May I have the lines from the one containing "刚毕业的待业青年,杭州个人交社保多少钱?" to the end of the entries, returned exactly and with nothing else?

───

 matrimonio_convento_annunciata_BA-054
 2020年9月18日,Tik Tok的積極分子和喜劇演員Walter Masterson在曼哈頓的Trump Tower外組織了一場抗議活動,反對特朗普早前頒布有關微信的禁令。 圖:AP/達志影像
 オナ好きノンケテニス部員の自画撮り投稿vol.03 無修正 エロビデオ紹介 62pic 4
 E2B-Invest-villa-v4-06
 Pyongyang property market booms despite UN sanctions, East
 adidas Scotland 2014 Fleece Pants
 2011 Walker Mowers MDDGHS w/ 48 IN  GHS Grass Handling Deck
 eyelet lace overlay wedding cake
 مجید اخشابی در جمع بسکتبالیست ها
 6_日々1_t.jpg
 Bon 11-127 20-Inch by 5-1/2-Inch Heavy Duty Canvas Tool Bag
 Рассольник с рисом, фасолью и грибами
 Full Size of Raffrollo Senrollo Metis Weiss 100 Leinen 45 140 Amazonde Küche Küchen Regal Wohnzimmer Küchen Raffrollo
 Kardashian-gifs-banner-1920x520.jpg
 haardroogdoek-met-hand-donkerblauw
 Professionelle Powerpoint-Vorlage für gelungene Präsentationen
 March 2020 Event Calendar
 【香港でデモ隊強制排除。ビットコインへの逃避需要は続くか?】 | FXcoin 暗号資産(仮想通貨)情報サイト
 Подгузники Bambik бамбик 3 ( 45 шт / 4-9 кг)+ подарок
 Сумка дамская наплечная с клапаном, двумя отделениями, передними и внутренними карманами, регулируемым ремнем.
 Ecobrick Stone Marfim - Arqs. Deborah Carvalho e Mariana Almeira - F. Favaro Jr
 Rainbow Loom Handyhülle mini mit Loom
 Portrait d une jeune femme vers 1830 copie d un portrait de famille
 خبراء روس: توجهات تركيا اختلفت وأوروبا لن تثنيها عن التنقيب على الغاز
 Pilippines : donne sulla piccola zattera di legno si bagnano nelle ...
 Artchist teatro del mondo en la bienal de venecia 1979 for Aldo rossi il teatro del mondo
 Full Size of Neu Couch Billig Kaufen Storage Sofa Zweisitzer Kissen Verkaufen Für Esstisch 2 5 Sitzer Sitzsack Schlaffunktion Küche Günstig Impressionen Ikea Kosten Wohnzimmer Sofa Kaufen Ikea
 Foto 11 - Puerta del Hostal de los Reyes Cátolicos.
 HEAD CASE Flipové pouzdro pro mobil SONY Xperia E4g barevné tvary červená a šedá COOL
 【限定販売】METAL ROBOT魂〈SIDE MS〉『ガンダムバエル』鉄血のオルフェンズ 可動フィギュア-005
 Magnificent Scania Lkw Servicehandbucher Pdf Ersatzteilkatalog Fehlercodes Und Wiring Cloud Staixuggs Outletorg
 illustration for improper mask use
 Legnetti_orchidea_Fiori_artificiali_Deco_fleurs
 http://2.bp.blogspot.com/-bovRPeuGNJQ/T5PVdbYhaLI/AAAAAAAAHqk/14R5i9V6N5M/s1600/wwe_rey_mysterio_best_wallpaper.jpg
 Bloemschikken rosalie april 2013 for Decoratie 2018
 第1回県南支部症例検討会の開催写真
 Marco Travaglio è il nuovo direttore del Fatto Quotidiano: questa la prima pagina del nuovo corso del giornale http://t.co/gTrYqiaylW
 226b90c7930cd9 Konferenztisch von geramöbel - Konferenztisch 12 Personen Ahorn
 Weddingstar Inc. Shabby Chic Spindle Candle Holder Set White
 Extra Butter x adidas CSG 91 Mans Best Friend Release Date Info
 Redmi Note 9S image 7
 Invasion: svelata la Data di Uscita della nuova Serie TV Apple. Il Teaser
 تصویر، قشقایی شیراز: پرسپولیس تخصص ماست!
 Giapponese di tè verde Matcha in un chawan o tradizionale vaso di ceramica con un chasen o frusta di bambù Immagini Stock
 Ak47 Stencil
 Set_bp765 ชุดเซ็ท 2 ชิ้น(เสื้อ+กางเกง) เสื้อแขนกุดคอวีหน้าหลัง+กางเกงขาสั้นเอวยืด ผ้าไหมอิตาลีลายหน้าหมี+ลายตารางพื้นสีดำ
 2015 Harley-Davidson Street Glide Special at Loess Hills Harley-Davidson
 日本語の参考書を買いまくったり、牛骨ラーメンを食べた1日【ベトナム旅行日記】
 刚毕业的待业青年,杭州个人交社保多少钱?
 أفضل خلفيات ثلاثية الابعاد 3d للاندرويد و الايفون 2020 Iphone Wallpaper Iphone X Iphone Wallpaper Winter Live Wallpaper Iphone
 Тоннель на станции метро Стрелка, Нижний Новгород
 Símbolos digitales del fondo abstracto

───

**TASK RESULT:**
 刚毕业的待业青年,杭州个人交社保多少钱?
 أفضل خلفيات ثلاثية الابعاد 3d للاندرويد و الايفون 2020 Iphone Wallpaper Iphone X Iphone Wallpaper Winter Live Wallpaper Iphone
 Тоннель на станции метро Стрелка, Нижний Новгород
 Símbolos digitales del fondo abstracto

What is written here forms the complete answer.